Jump directly to the Content
Jump directly to the content
Article


The Mismeasure of Evangelicals

In a famous slip of the pen in the Washington Post from February 1993, a writer asserted that evangelical Protestants were "largely poor, uneducated and easy to command." When the dust had finally settled in the letters columns, it was clear that at least a few evangelicals were educated enough to offer such an ascription the comeuppance it deserved. More recently, in a much-discussed article in Dissent on "The Death of Intellectual Conservatism" (Winter 1995), Michael Lind opined that "the hitherto silent majority of white evangelical Protestant conservatives" had hijacked the mind of America's right wing. But are evangelicals, in fact, really a majority in America--and are they all right wing?

Loose talk about "evangelicals" or "evangelicalism" reveals a failure to make critical distinctions.

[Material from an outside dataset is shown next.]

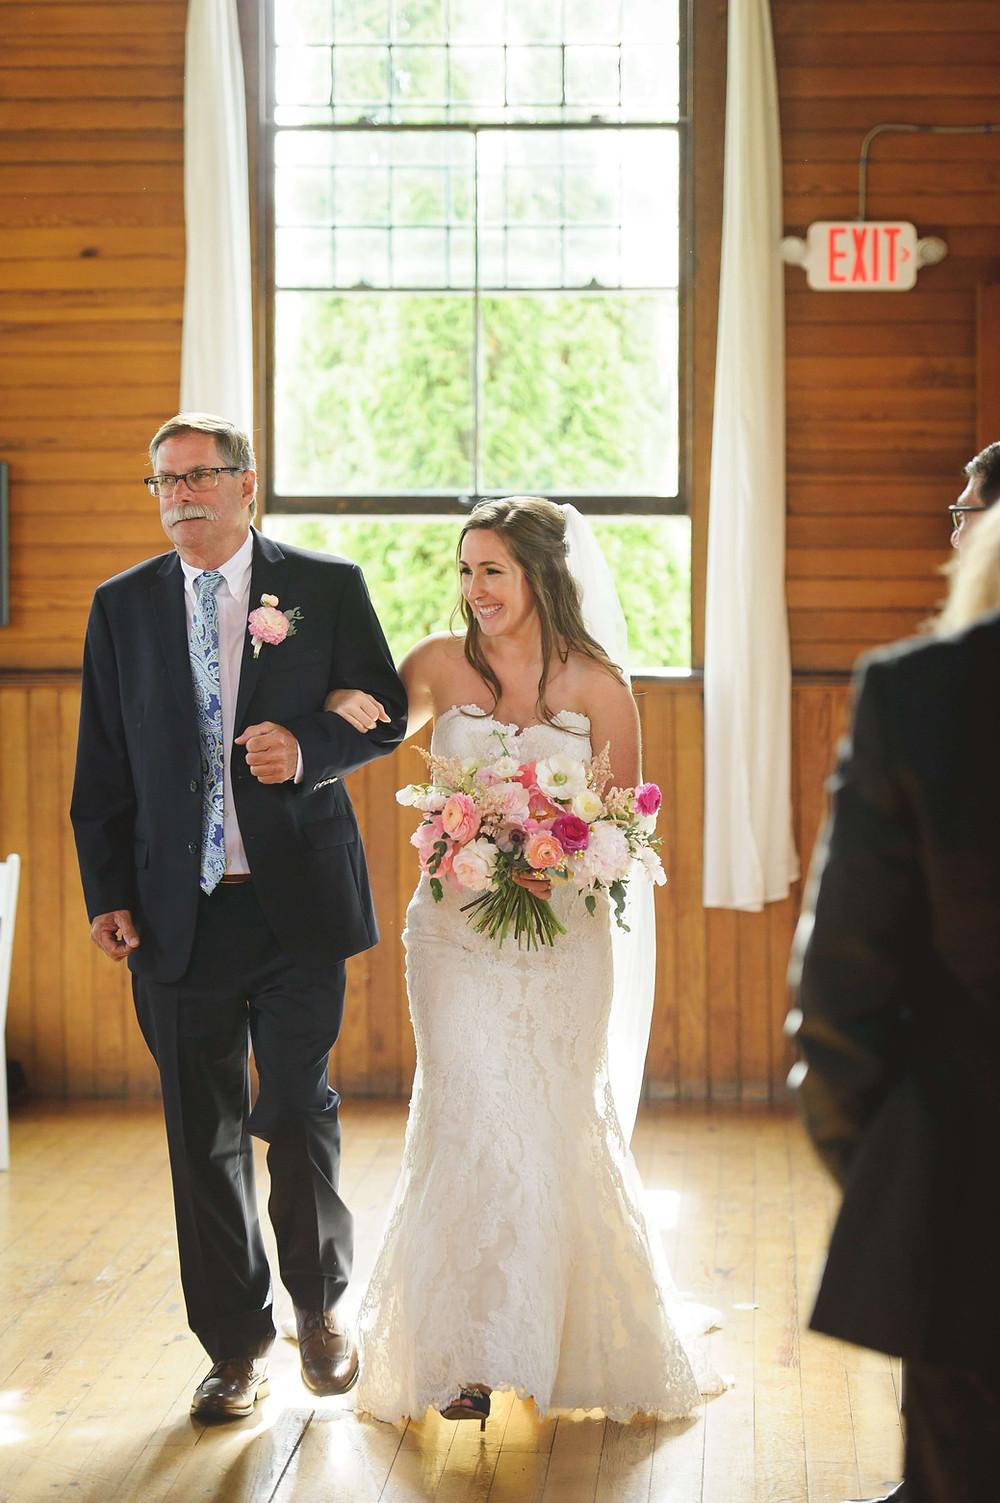 Wedding ceremony in Branford chapel
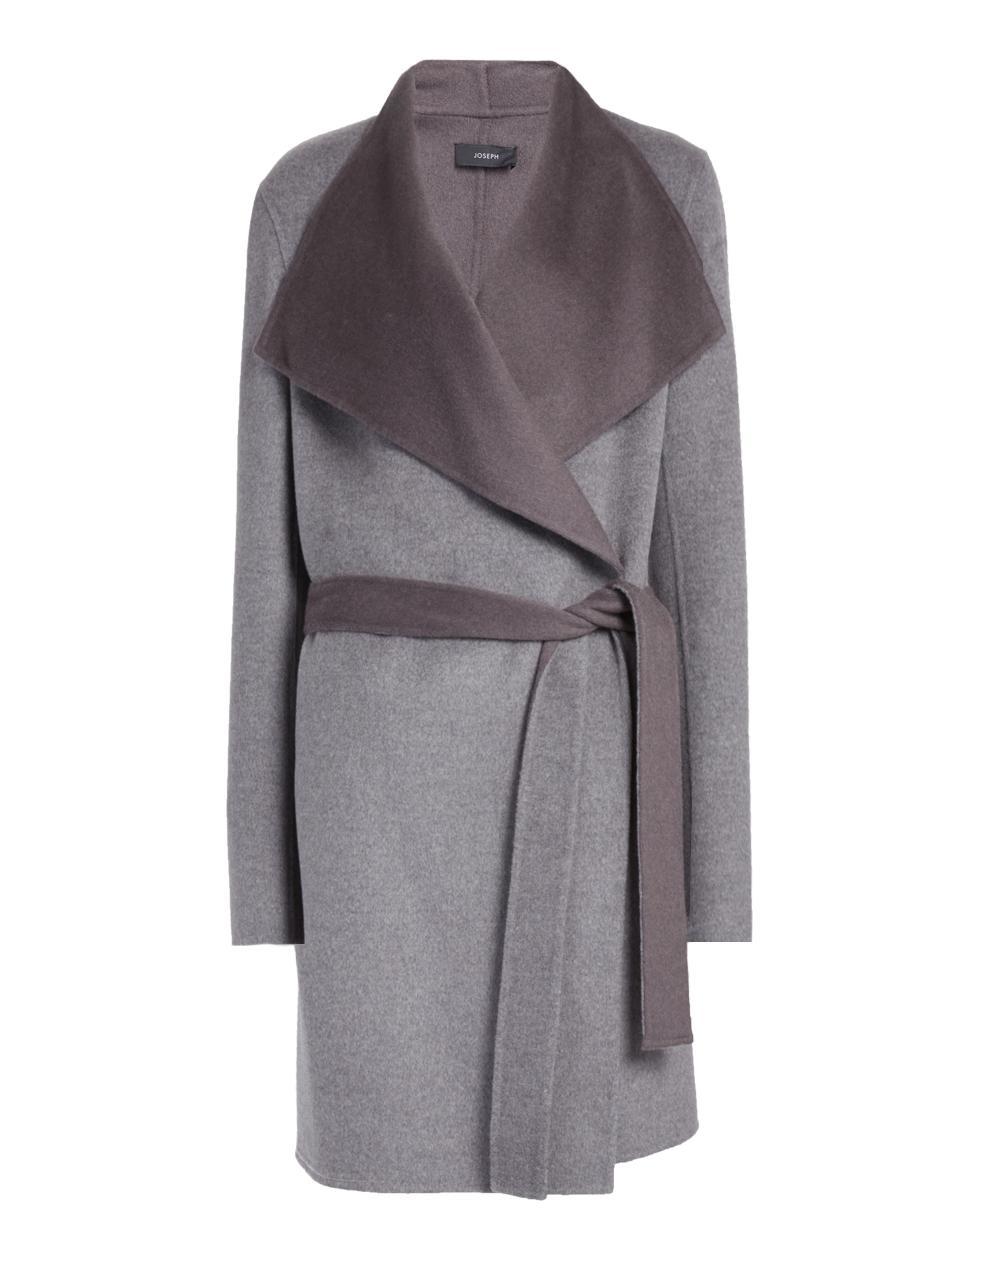 joseph-smoke-combo-double-cashmere-lisa-long-coat-gray-product-0-119625139-normal.jpg

Differences between "evangelicals" and "fundamentalists" are a good case in point. More subtle distinctions recognized by insiders--such as the differences between the "Pentecostal" and "holiness" families under the evangelical umbrella--are even more frequently blurred by commentators. Some evangelical scholars go so far as to suggest that the term evangelical be abandoned altogether. Indeed, attempts to clarify the meaning of evangelicalism recall the king of Siam's words to his schoolmistress, Anna: " 'tis a puzzlement!"

Such a puzzlement cannot be ignored by social scientists who study contemporary American religion. With two colleagues (James Guth and Corwin Smidt) we carried out a large-scale survey in 1992 of 4,001 Americans (with a grant from the Pew Charitable Trusts) for the express purpose of clarifying the size and the impact of American evangelicalism. What follows is a brief report on our results.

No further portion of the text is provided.